A violet compound of manganese (A) decomposes on heating to liberate oxygen and compounds (B) and (C) of manganese are formed. Compound (C) reacts with KOH in the presence of potassium nitrate to give compound (B). On heating compound (C) with conc. $\mathrm{H}_2 \mathrm{SO}_4$ and NaCl , chlorine gas is liberated and a compound (D) of manganese alongwith other products is formed. Identify compounds A to D and also explain the reactions involved.

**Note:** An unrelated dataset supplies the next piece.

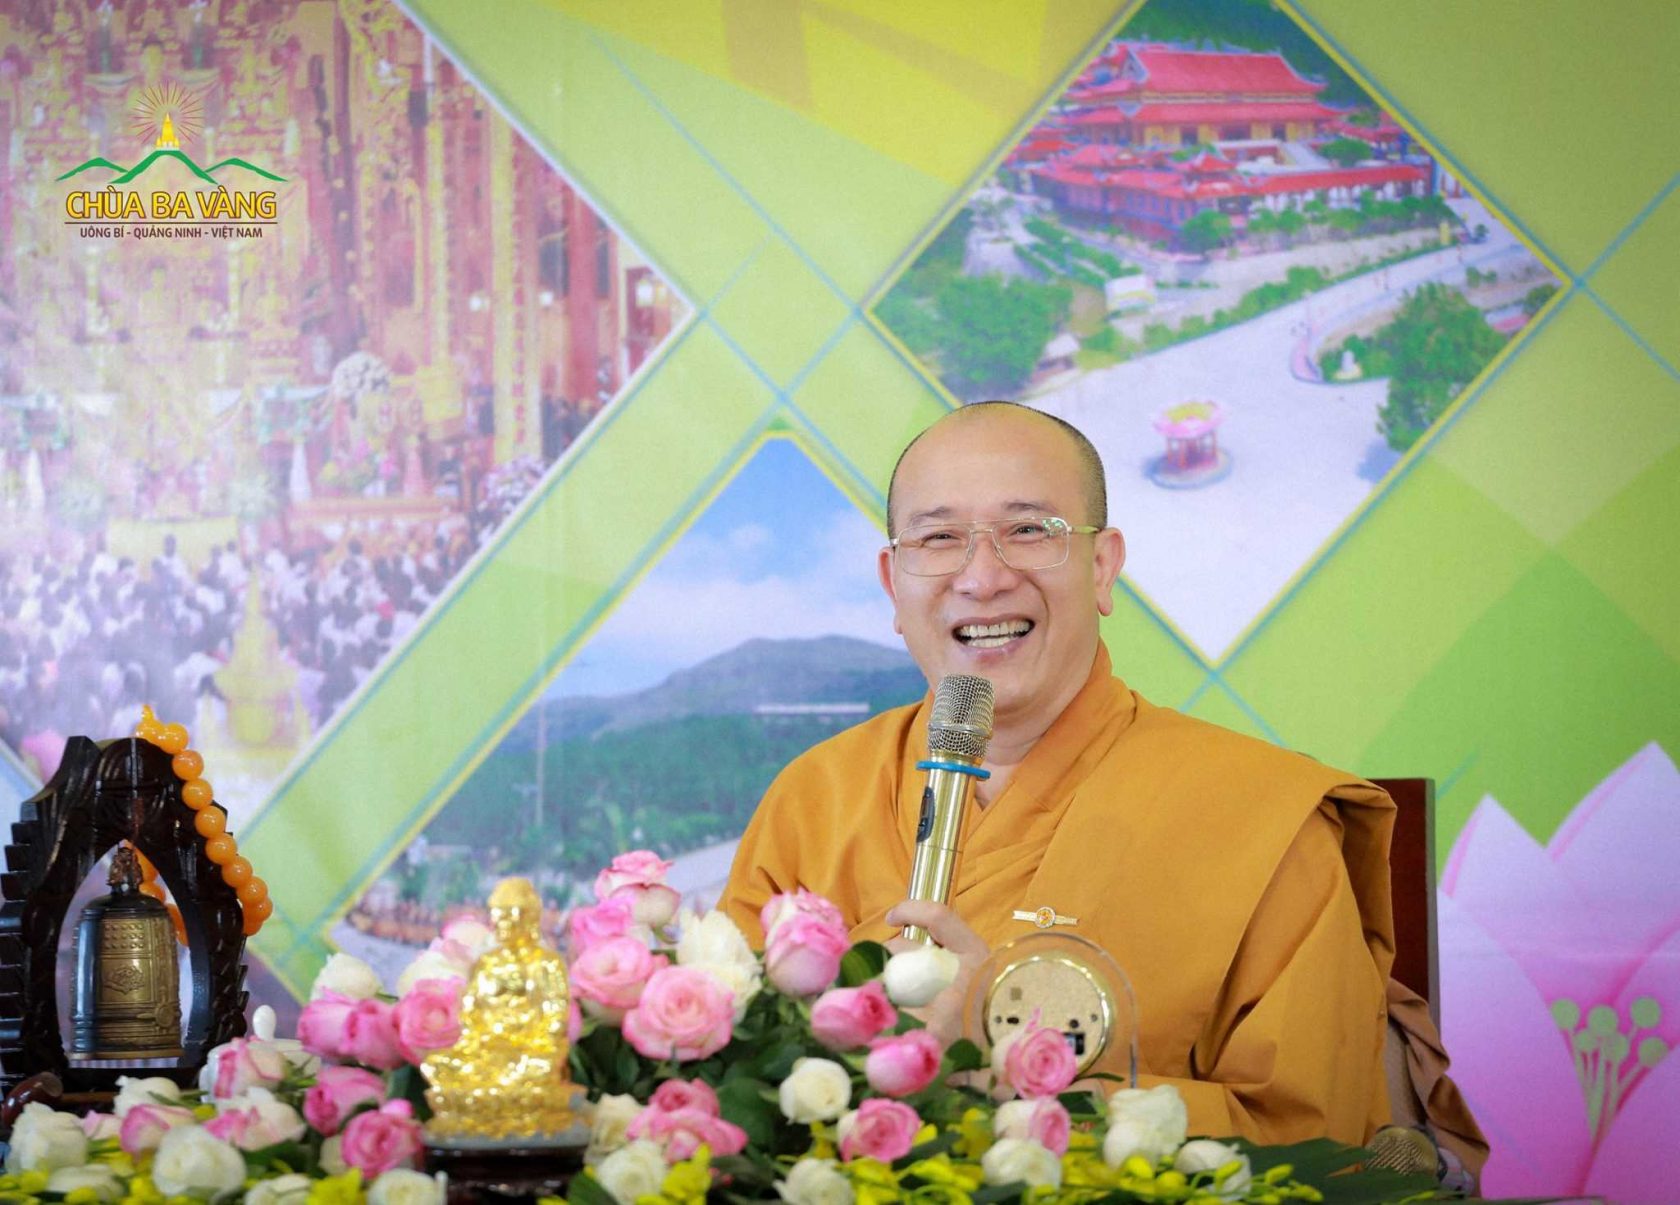 Sư Phụ Thích Trúc Thái Minh - Trụ trì chùa Ba Vàng

Since, compound $(\mathrm{C})$ on treating with conc. $\mathrm{H}_2 \mathrm{SO}_4$ and NaCl gives $\mathrm{Cl}_2$ gas, so it is manganese dioxide $\left(\mathrm{MnO}_2\right)$. It is obtained alongwith $\mathrm{MnO}_4^{2-}$ when $\mathrm{KMnO}_4$ (violet) is heated.
Thus,
$$\begin{array}{ll} (A)=\mathrm{KMnO}_4 & (B)=\mathrm{K}_2 \mathrm{MnO}_4 \\ (C)=\mathrm{MnO}_2 & (D)=\mathrm{MnCl}_2 \end{array}$$
$\underset{[A]}{\mathrm{KMnO}_4} \xrightarrow{\Delta} \underset{[B]}{\mathrm{K}_2 \mathrm{MnO}_4}+\underset{[C]}{\mathrm{MnO}_2}+\mathrm{O}_2$
$2 \mathrm{MnO}_2+4 \mathrm{KOH}+\mathrm{O}_2 \longrightarrow 2 \mathrm{~K}_2 \mathrm{MnO}_4+2 \mathrm{H}_2 \mathrm{O}$
$$\mathrm{MnO}_2+4 \mathrm{NaCl}+4 \mathrm{H}_2 \mathrm{SO}_4 \longrightarrow \underset{[D]}{\mathrm{MnCl}_2}+4 \mathrm{NaHSO}_4+2 \mathrm{H}_2 \mathrm{O}+\mathrm{Cl}_2$$